Знаете ли вы, что существуют нилОтские языки, на которых говорят больше двадцати миллионов людей в Восточной Африке? Нет, вы не знаете ничего о нилотских языках. А знаете вы малеевскую берёзовую рощу? Нет, вы не знаете малеевской берёзовой рощи, а также малеевских прудов, полей, оврагов и вёрткой речи Вертушинки! А я знал их… Когда-то. Очень давно…

Но лет за семьдесят до меня это место, в ста с лишним километрах от Москвы, облюбовал человек с фамилией Лавров и с типично купеческим именем ВукОл. (Которое происходит, оказывается, от греческого «буколос» — «пастух».) Этот купеческий сын из Ельца к двадцати шести годам своей жизни ликвидировал, не без потерь, полученное в наследство от отца мучное дело и всю оставшуюся жизнь посвятил тому, о чём мечтал чуть не с детства: самообразованию и литературе. Своих книг у него не было, но он немало переводил с польского — Э. Ожешко, Г. Сенкевича, Б. Пруса, М. Конопницкую — и дружил с этими любимыми в Польше литераторами. И ещё о нём: это, конечно, не его заслуга, но его младшая дочь Анастасия была той самой, кого Чехов безнадёжным тоном спрашивал: «Мисюсь, где ты?..» (А погибла «Мисюсь» во время блокады в Ленинграде.) Он не писал книг — он помогал им, книгам рождаться и жить, создав в 1880 году журнал «Русская мысль», просуществовавший до 1918 года. А купленная им в 1886 году у купца Малеева пустошь между Старой и Новой Рузой, недалеко от речки Рузы и от Москвы-реки, где он построил небольшой дом, стала называться с тех пор Малеевкой и какое-то время была одним из российских культурных центров, где собирались друзья и знакомые Лаврова — писатели, художники, композиторы, артисты…

Так что я не очень нарушил давнюю традицию этих мест, когда начал встречаться в той же Малеевке, ставшей «домом творчества» писателей (и неподалеку от неё — в таких же «домах» композиторов и театральных деятелей) — с нынешними сочинителями слов и нотных знаков и с теми, кто произносит или выпевает эти знаки со сцены. В общем, в каком-то смысле я очутился на дороге, давно проторённой Вуколом Лавровым.
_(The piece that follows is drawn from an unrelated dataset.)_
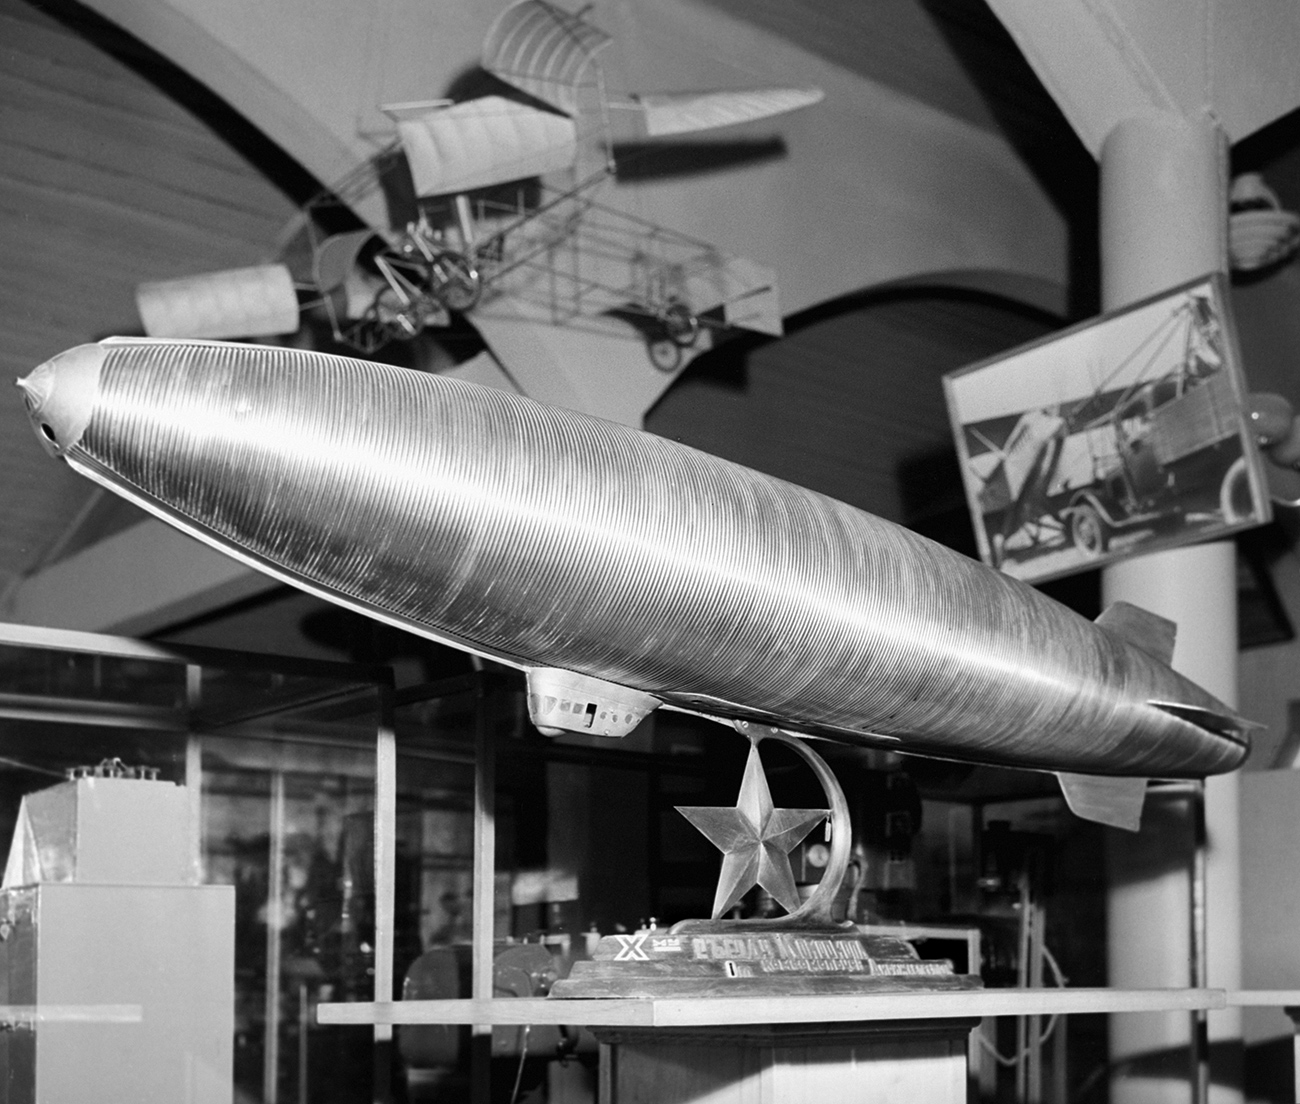 Model of all-metal dirigible designed by Konstantin Tsiolkovsky [1857-1935] on display at the Museum of the Yury Gagarin Order of the Red Banner and Order of Kutuzov Air Force Academy.

Только, к сожалению, уже не встретил там Лескова, Чехова, Григоровича, Мамина-Сибиряка, Плещеева, Гарина, Короленко, а совсем-совсем других…
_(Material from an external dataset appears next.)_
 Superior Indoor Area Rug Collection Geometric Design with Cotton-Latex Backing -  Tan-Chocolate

Остановись, противный! — кричу я самому себе. — Что за жалкая, непотребная манера огульно язвить по адресу людей своего времени — тем более, когда они не могут этого слышать. Да и вообще, интересно: свела бы тебя судьба с теми, кто бывал у Лаврова в Малеевке в позапрошлом веке, как бы ты стал говорить о них — об их непростых характерах, манерах, об их привычках тоже считать себя умнее других, перебивать собеседника, полагать, что они всегда правы. Ведь и они были далеко не ангелы…
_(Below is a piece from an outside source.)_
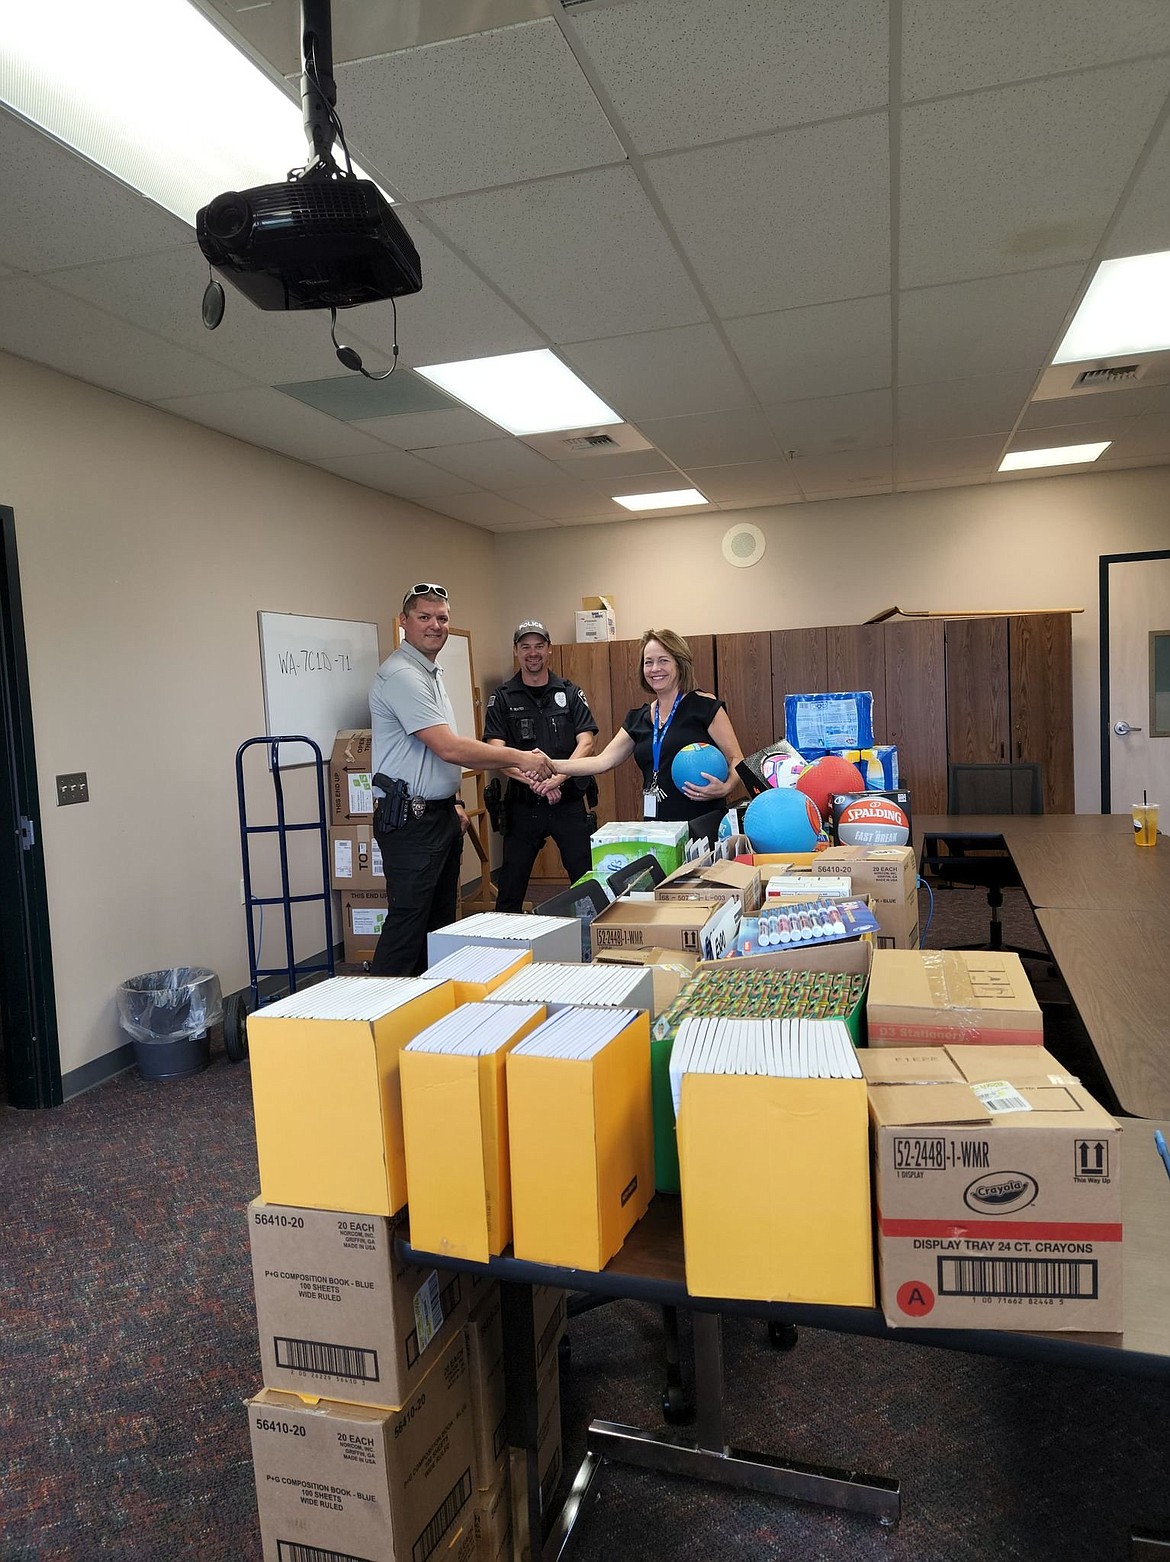 The Benevolent Fund is supported through grants, donations, and fundraisers put on by SLPD and is used to support different needs of the Soap Lake Community.

Малеевка тоже осталась такой, какой была: те же пригорки и лощины, которые представлялись взорам Чехова и Пришвина; те же лесные дороги, те же изумительные восходы и закаты; та же неумолкающая Вертушинка и деревенька на взгорье за ней, где вскоре появится двухэтажный дом с четырёхгранной крышей и двумя квадратными большими окнами наверху, и дом этот станет тоже своего рода центром — для меня не столько «культурным», сколько дружеским…

Но пока, чтобы попасть туда, в Малеевку, в писательский дом творчества санаторного типа, я должен написать заявление, прийти с ним в контору Литературного фонда на Беговую улицу и отдать его в белы руки красивой рыжеватой женщины с именем, как у одной из лермонтовских княжон, а также у знаменитой американской кино-травести 30-х годов прошлого века. Эта рыжеватая женщина и одарит меня путёвкой — конечно, в самую неудобную комнату, полутёмную, с крошечным окном, и не в главном корпусе, а в коттедже, где нет ни горячей воды, ни ванной, ни душа. Но вскоре в коттеджах появится горячая вода, и я полюблю их больше, чем корпус, а мой Кап вполне разделит со мной эту привязанность. Хотя жить там будет незаконно — как когда-то еврей вне черты оседлости или теперь кто-нибудь из «понаехавших» в Москву.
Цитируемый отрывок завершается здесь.